Pelletier stepped out of his truck and was handed a microphone by the event’s emcee. In front of thousands of people gathered at the fair’s grandstand, Pelletier got down on one knee and proposed to his girlfriend. She had been his partner in trucks, and he was now asking her to be his partner in life.
“Candace and I had built the truck together, and that season we had just dominated the events we were in,” said Pelletier, 32. “Fryeburg is the biggest one of the year. We were excited, and it just felt like the right place to do it.”
The proposal was in 2019, and Ryan and Candace Pelletier were married about a year later. They live in Benton, near Waterville, and are expecting their first child in December.
Most people are drawn to the Fryeburg Fair by its two dozen barns filled with farm animals, or its pig scrambles, fireman’s muster, deep-fried fair food and dizzying carnival rides. But over the years, some imaginative souls have thought of the fair – Maine’s largest and the last of the season – as the ideal setting for romance. The 172nd edition of the fair runs Sunday through Oct. 9.
Besides the truck-pulling track, would-be grooms have popped the question on the carnival midway, during a helicopter ride and on the Ferris wheel. Held in a small town on the New Hampshire border with spectacular views of the nearby White Mountains, the fair is certainly a pretty place to get engaged in October.
LOVE IS FAIR GAME
Popping the question during the fair involves some significant risks. There are thousands of people packed into the place for one thing, as the fair draws about 170,000 paying customers during its eight-day run. There are giant oxen, tractors, trucks, carnival rides and other moving objects to contend with. And there are literally thousands of places to lose a ring.
The upside, of course, is the element of surprise. Even people who love the Fryeburg Fair don’t expect to get a proposal along with their apple crisp and fried dough. Candace Pelletier, 30, said she was “stunned” when her now-husband got out of his truck just before his run in 2019. She thought at first the truck was broken. When he got down on a knee and she saw he had a ring, she got “excited and nervous” as thousands of people began to cheer.
Surprising someone at the Fryeburg Fair, with so much else going on, takes careful planning. Keagon Leighton left no detail to chance when he proposed to Brittney Caron last year at the fair. Leighton hired a professional photographer to come to the fair and pretend she was just taking pictures of happy fairgoers at random. Then he invited more than a dozen friends and family to come to the fair secretly. Some of Caron’s family drove over from Vermont and stayed overnight in Maine, without her knowing.
On the day of the fair, Leighton and Caron were near the Ferris wheel, the appointed place known to everyone but Caron, when the photographer asked Caron if she could take her picture.
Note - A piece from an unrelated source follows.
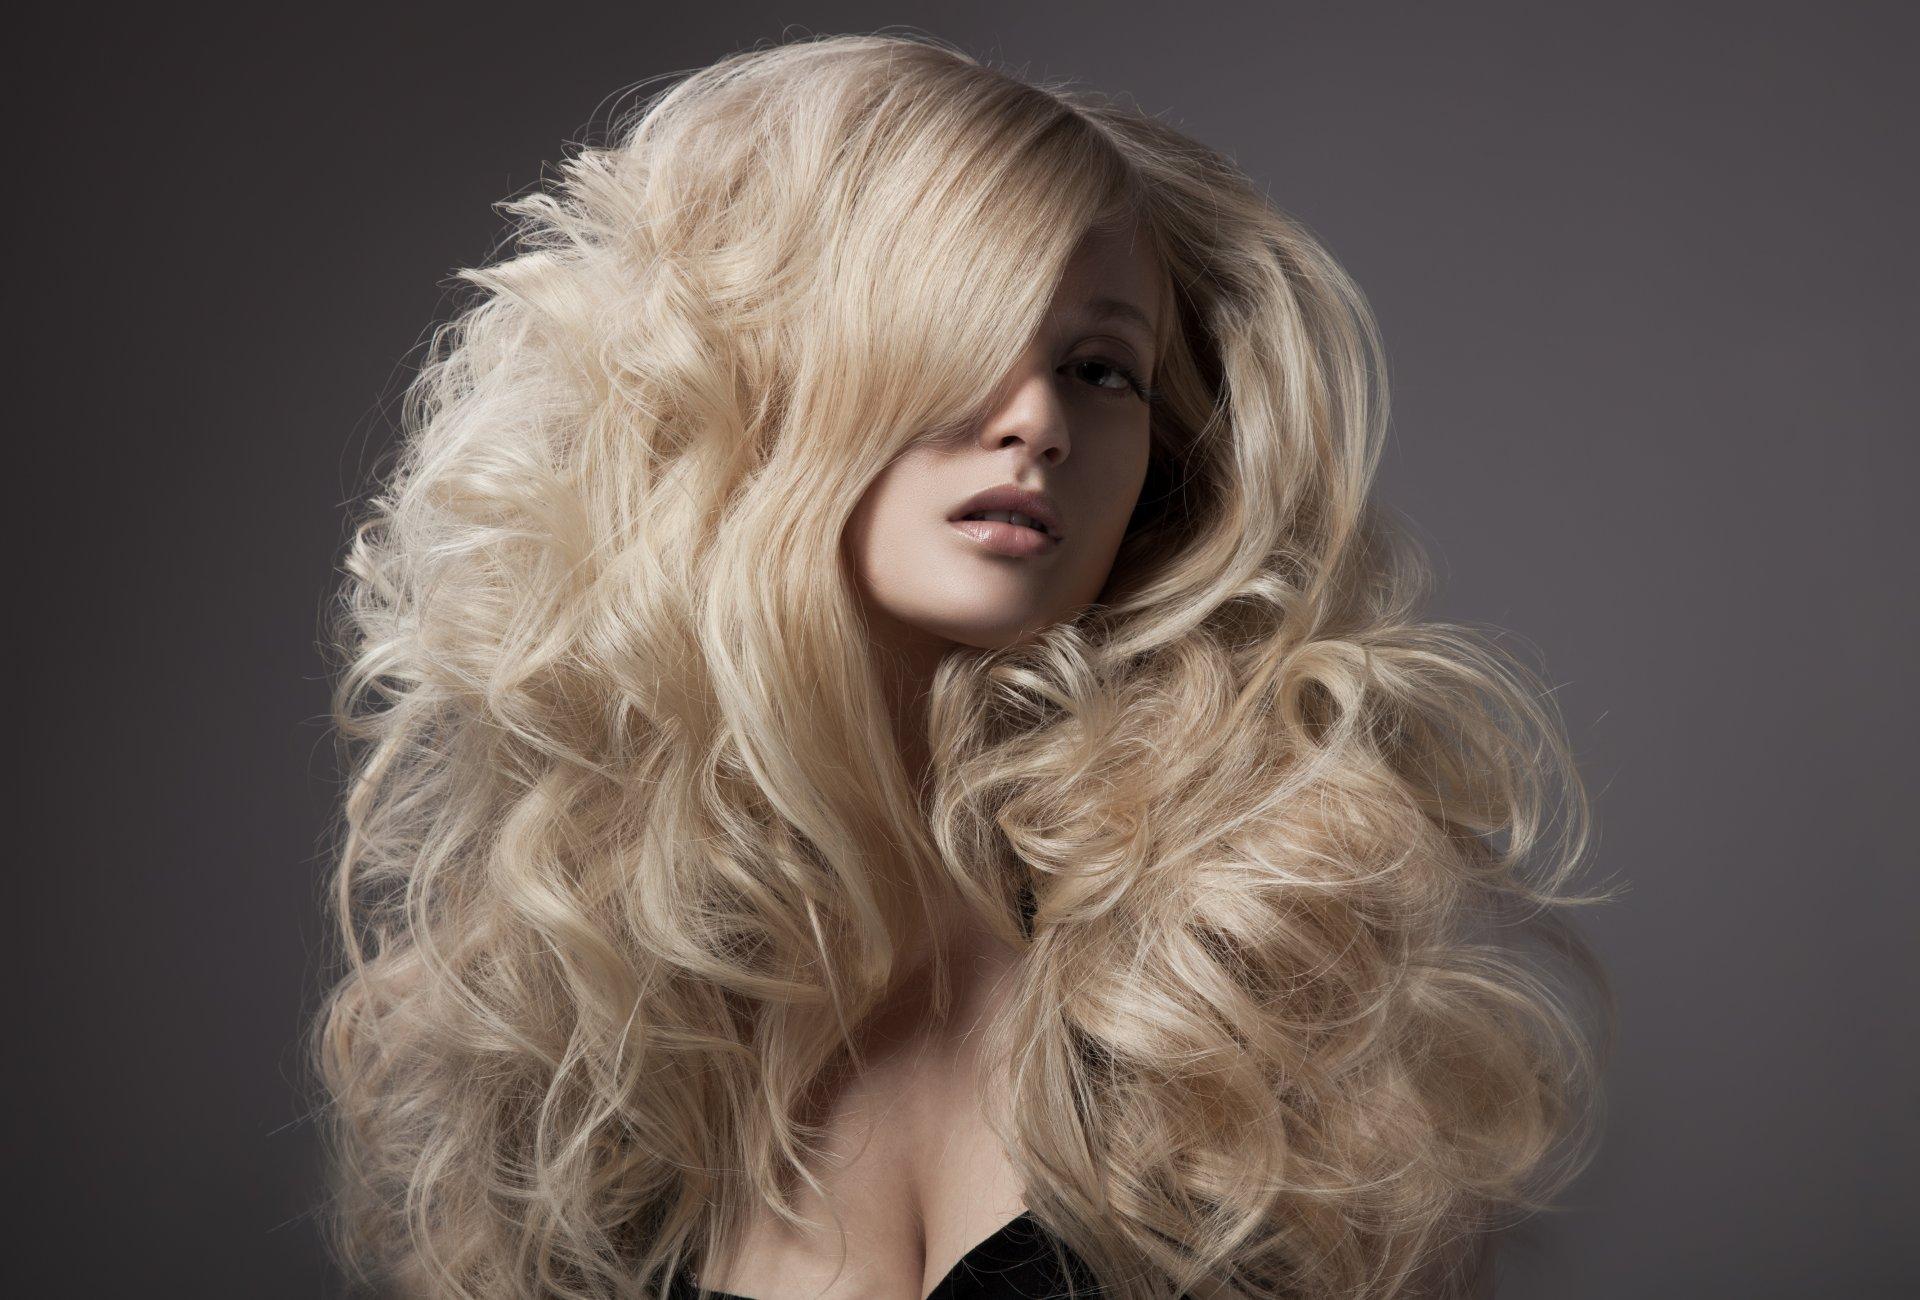 Фото кудрявая блондинка, Голая кудрявая блондинка В чулках 16 фотография

Caron turned toward the photographer, Leighton dropped to his knee, and friends and family came out of hiding. The precious moments were all captured by the photographer’s camera.
“I got down on one knee and there was this adrenalin rush and I just sort of blocked everything else out,” said Leighton, 22, an architectural and civil engineer from Bridgton who now lives with Caron in St. Johnsbury, Vermont. “Everyone started applauding and we have pictures of all of it.”
Leighton said he picked the fair as his proposal spot because he and Caron had met there several years earlier, through friends, and they had gone back together every year. Caron said she noticed a few differences in Leighton’s behavior on the day he proposed. He seemed nervous and was looking at his phone a lot, which he doesn’t normally do. When she asked him to play some games, he said no immediately, which again was unlike him. The thought of him proposing there and then, however, did not cross her mind.
The couple set a wedding date of Oct. 7, 2023 in Vermont. They plan to drive from their wedding directly to the Fryeburg Fair, which ends Oct. 8 next year. At some point, they hope to take a longer honeymoon somewhere farther away. But they say the fair is the perfect place to celebrate their vows.
“We plan to go every year unless there’s some emergency,” said Caron, 21, who works as a toddler teacher.
THE HEIGHTS OF ROMANCE
Branden Viens also had an elaborate plan in place when he proposed to Courtney Miniutti at last year’s fair. The couple had met a few years earlier while working at Fryeburg House of Pizza – he’s from Fryeburg, she’s from Hiram. One of their first dates was at the fair, taking one of the short helicopter rides that let folks see the fair from the air.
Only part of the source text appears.